Comtois pushes himself up to his feet with a stretch, rolling his shoulders as if shaking off the weight of the moment.
"Alright, here's the plan—nice and simple so even we don't mess it up. We eat, we rest, we put something resembling a plan together, then we go out there, kill the thing, and get the hell out. Easy."
Simple.
Too simple.
But simple has a way of working, at least in the short term. Complexity can wait until it becomes unavoidable.
For now, it holds.
Around them, the soldiers begin settling in more fully. The initial tension loosens its grip, giving way to routine. Some sit, finally allowing themselves to rest. Others unwrap rations and eat in silence or in low conversation. A few remain standing, keeping watch out of habit more than necessity, their eyes still scanning as if expecting something to emerge at any moment.
They talk quietly among themselves.
Jokes that don't quite land but are told anyway.
Fragments of home, spoken in half-finished sentences.
Memories of past missions, stripped down to their simplest forms.
Names—familiar to them, meaningless here.
They are not rookies anymore. Not really.

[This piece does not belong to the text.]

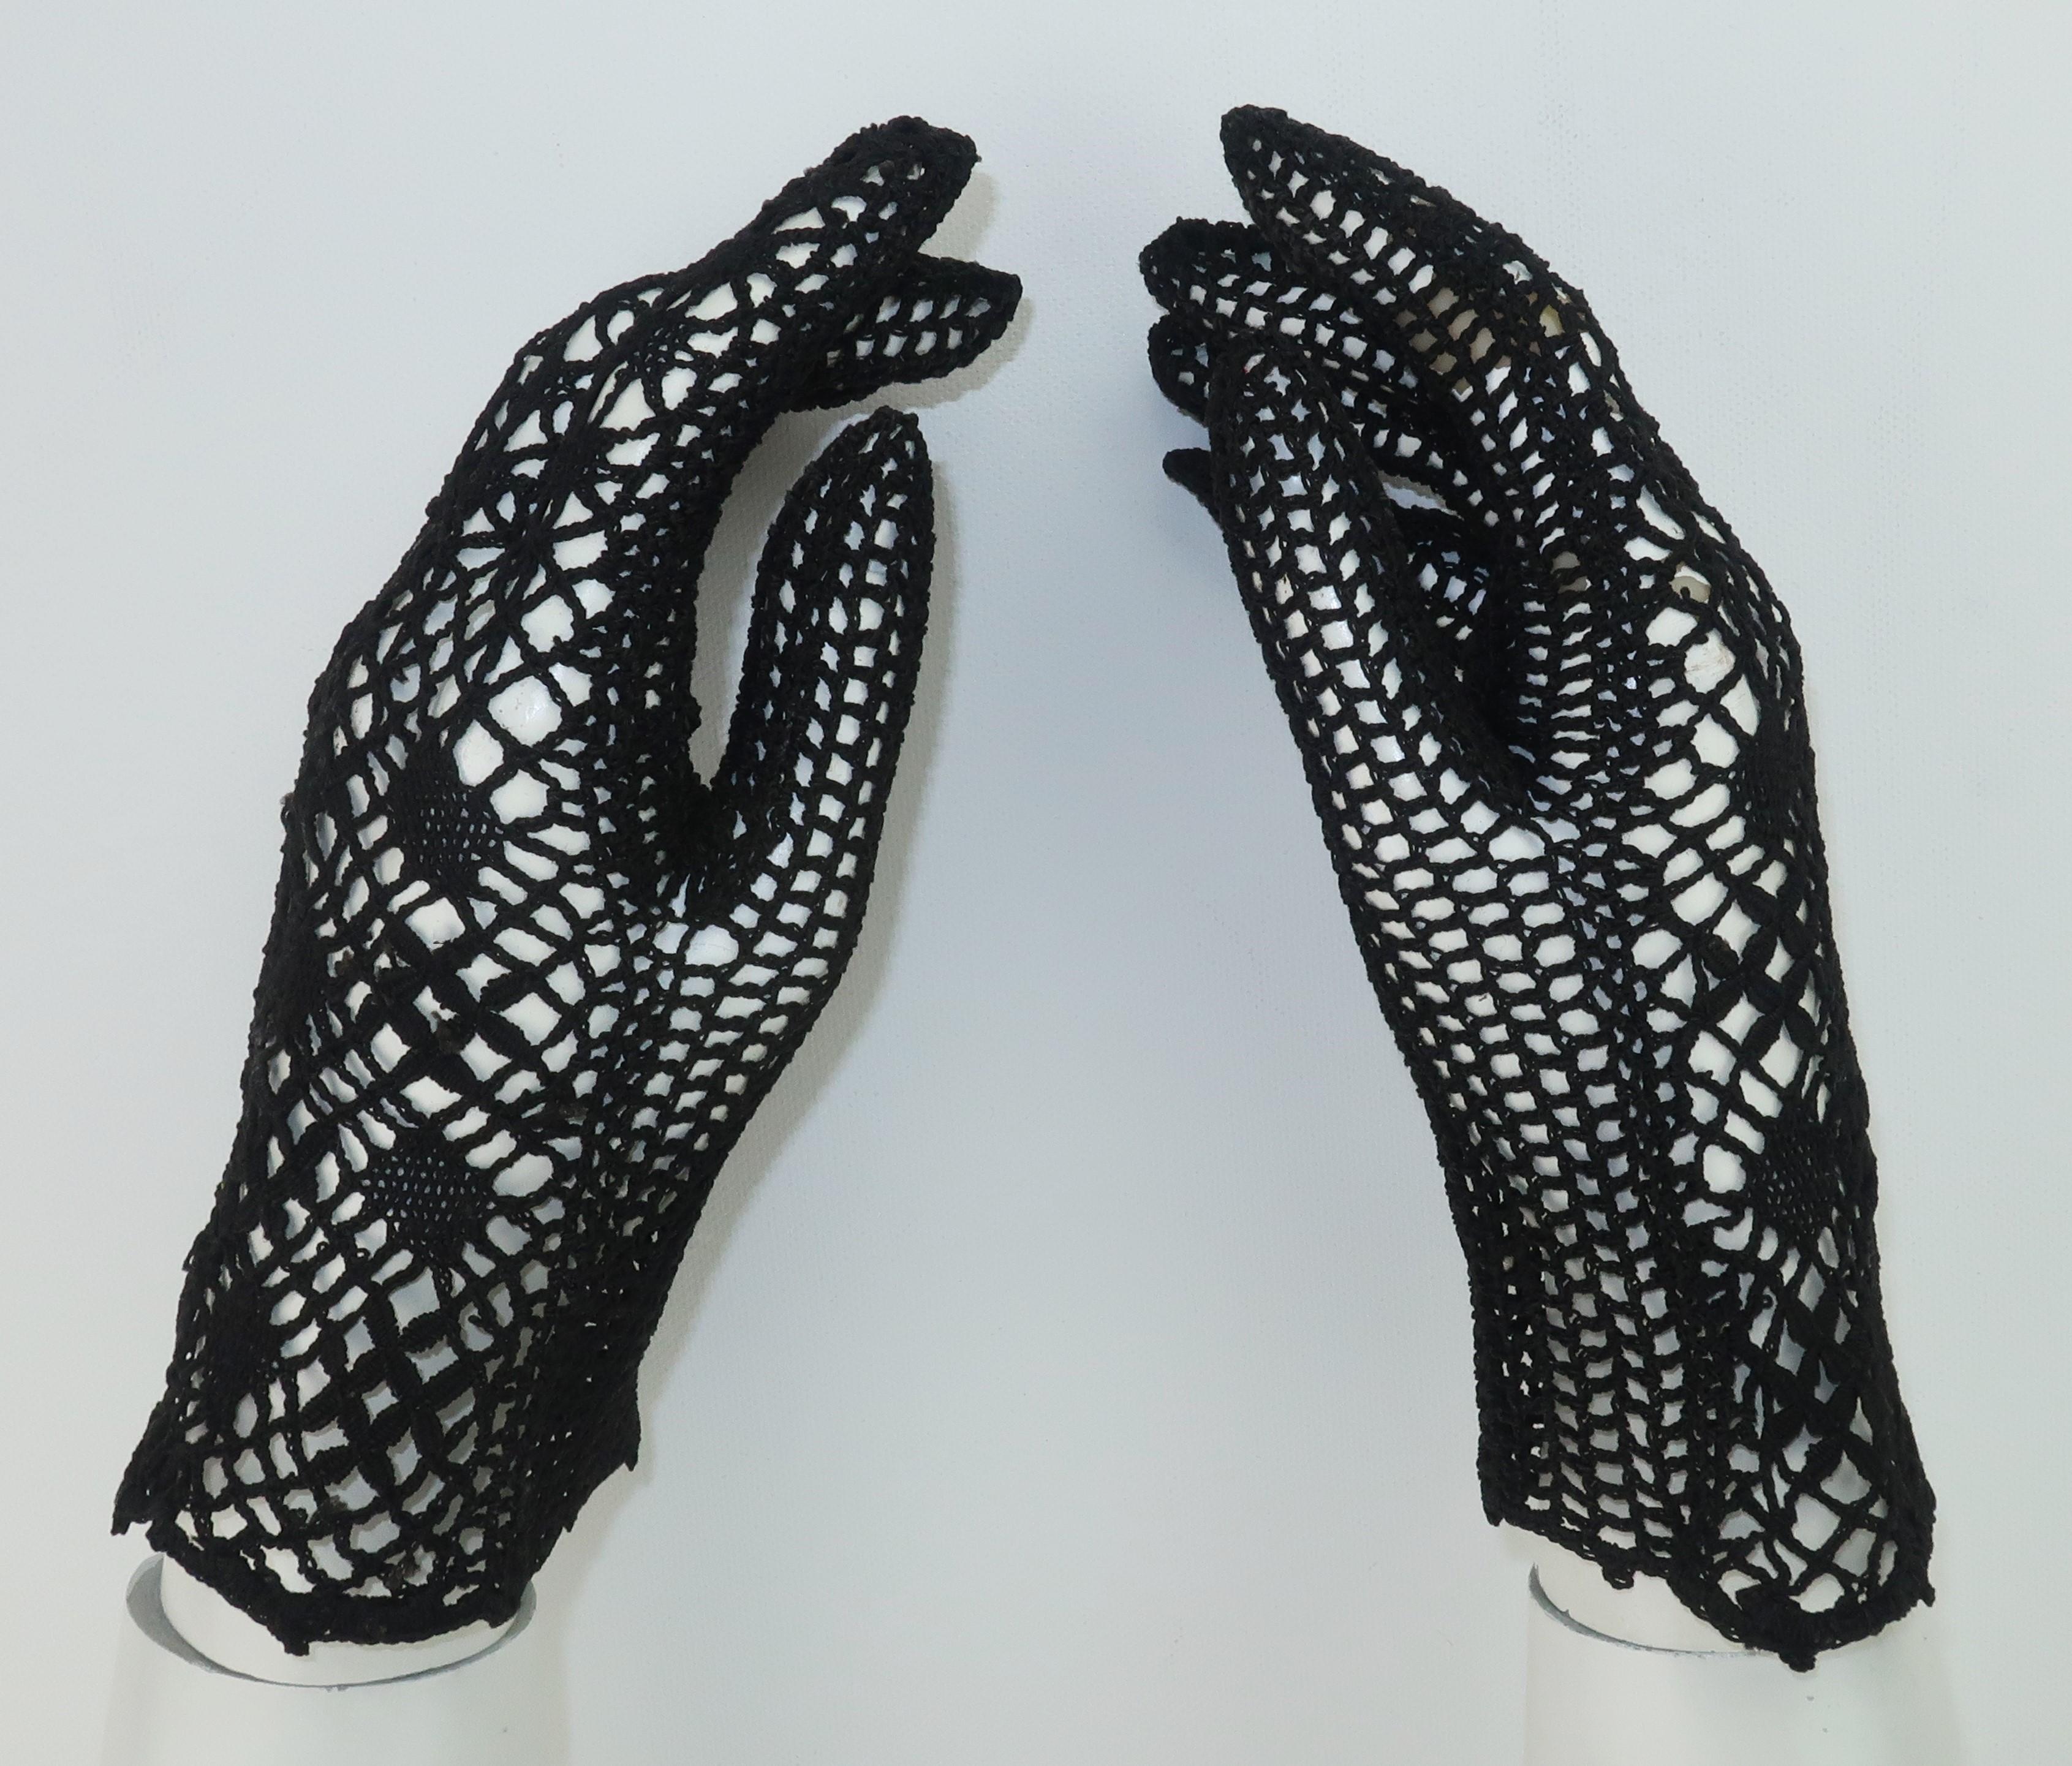 Add a vintage touch to day or evening attire with these black crochet net gloves.  The fine threading appears to be a silk and cotton blend and though unmarked they best fit a size 7.  Beautiful condition and appear rarely, if ever, worn.

But they are not veterans either.
They exist in the space between—experienced enough to survive most of what comes their way, but still inexperienced enough to believe that survival guarantees something more than just the next mission.
Aldo leans back slightly, his posture loosening just enough to seem at ease. His eyes fall half-lidded, but they never truly close.
He listens.
He watches.
He thinks.
[A dragon—that's what they call it. But that word is wrong. It's too large, too mythical, too distant from reality. Words like that make people careless. They make things feel unreal.]

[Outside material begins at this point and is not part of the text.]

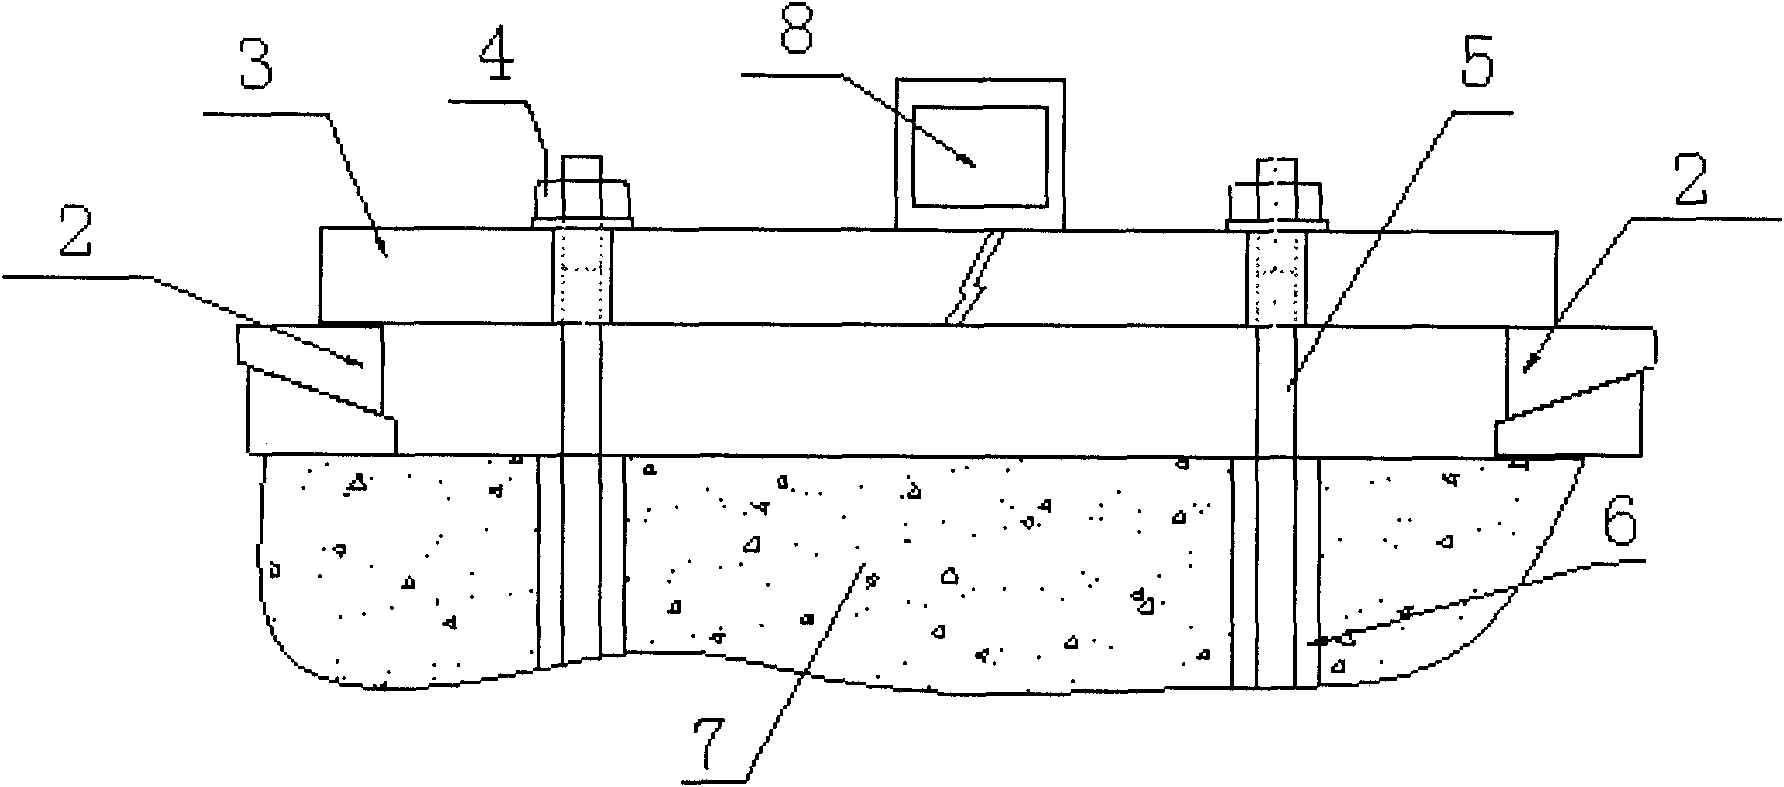 Mounting construction method of liner plates during mounting large-scale precision equipment

A faint shift of his gaze.
[No. This is a lake predator. Something that hunts, something that adapts, something that exists within rules—even if we don't understand them yet. That makes it smaller. That makes it something we can manage.]
And yet—
[Why us? Why this unit, at this time, in this place? That part doesn't fit. Assignments like this don't just happen without reason. There's always a layer beneath the order, something unsaid, something we're not being told.]

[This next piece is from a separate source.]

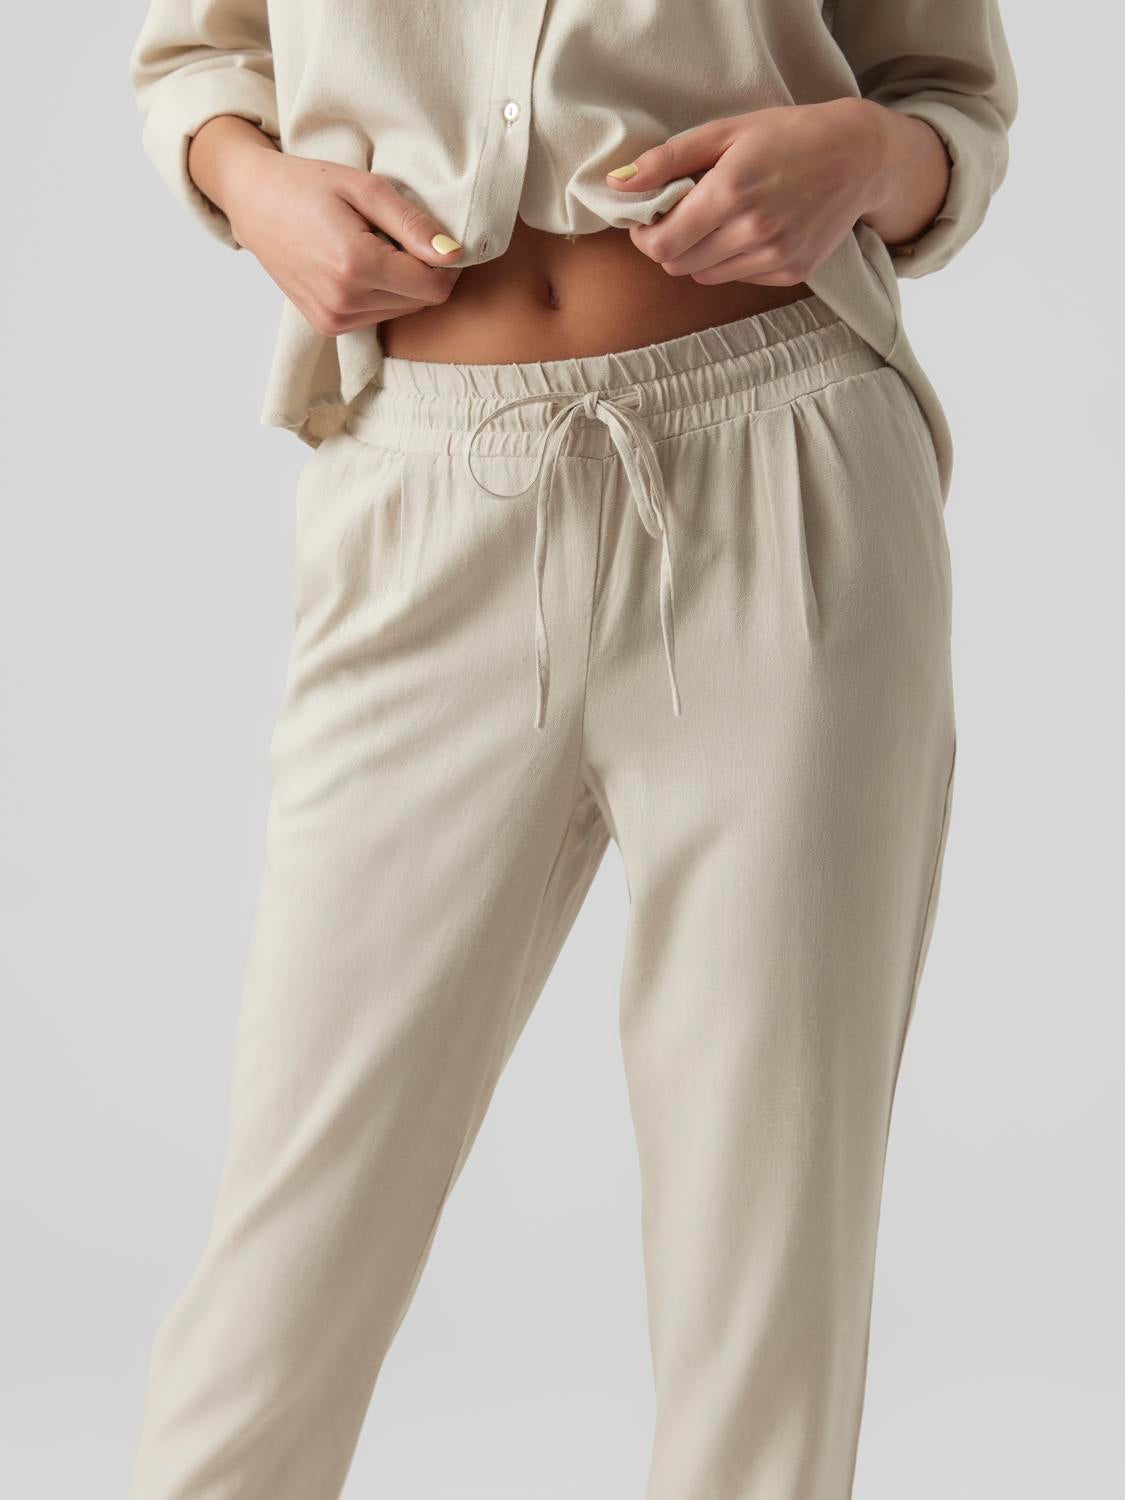 Vero Moda twill wide leg tailored pants in gray - part of a set | ASOS

The question lingers, unanswered and persistent.
He glances toward Comtois.
Laughing too loudly, gesturing as he talks, filling space with energy that borders on forced. Confidence worn openly, like armor meant to be seen.
Then his gaze shifts to Teufel.
Quiet. Still. Contained in a way that suggests effort rather than ease. Carrying something heavier than he allows to surface.
Then, finally, the soldiers.
Kids.
All of them, in one way or another.
Even now.
[We are not supposed to fight something like this. Not really. This is beyond the scale we were built for, beyond the rules we were trained under… and yet here we are, walking toward it anyway, because that's what we've been told to do.]
His gaze returns to the lake.
The fog thickens, slow and creeping, until the surface of the water begins to disappear from view. Edges blur, shapes dissolve, and for a brief moment it feels as though the lake itself has ceased to exist.
There is only absence.
Something unseen.
Waiting.
Listening.
[One more clean mission. That's what we tell ourselves every time, isn't it? One more, just one more, and then it's over. Then we walk away, and we don't have to come back.]
The thought echoes, familiar in a way that makes it dangerous.
"…and then we're free."
Aldo exhales slowly, the breath leaving him in a measured, controlled release. His hand tightens, just slightly, fingers pressing against the edge of the table as if grounding himself in something solid, something real. For a brief moment, the tension lingers, subtle but present, before it fades and his grip loosens again. Outside, the lake carries on in its steady, quiet rhythm, its surface undisturbed by anything beyond its own natural motion. It remains unbothered, unconcerned, as though it has witnessed this same fragile strain of hope countless times before, and has long since learned to recognize its shape, its weight, and precisely how it inevitably comes to an end.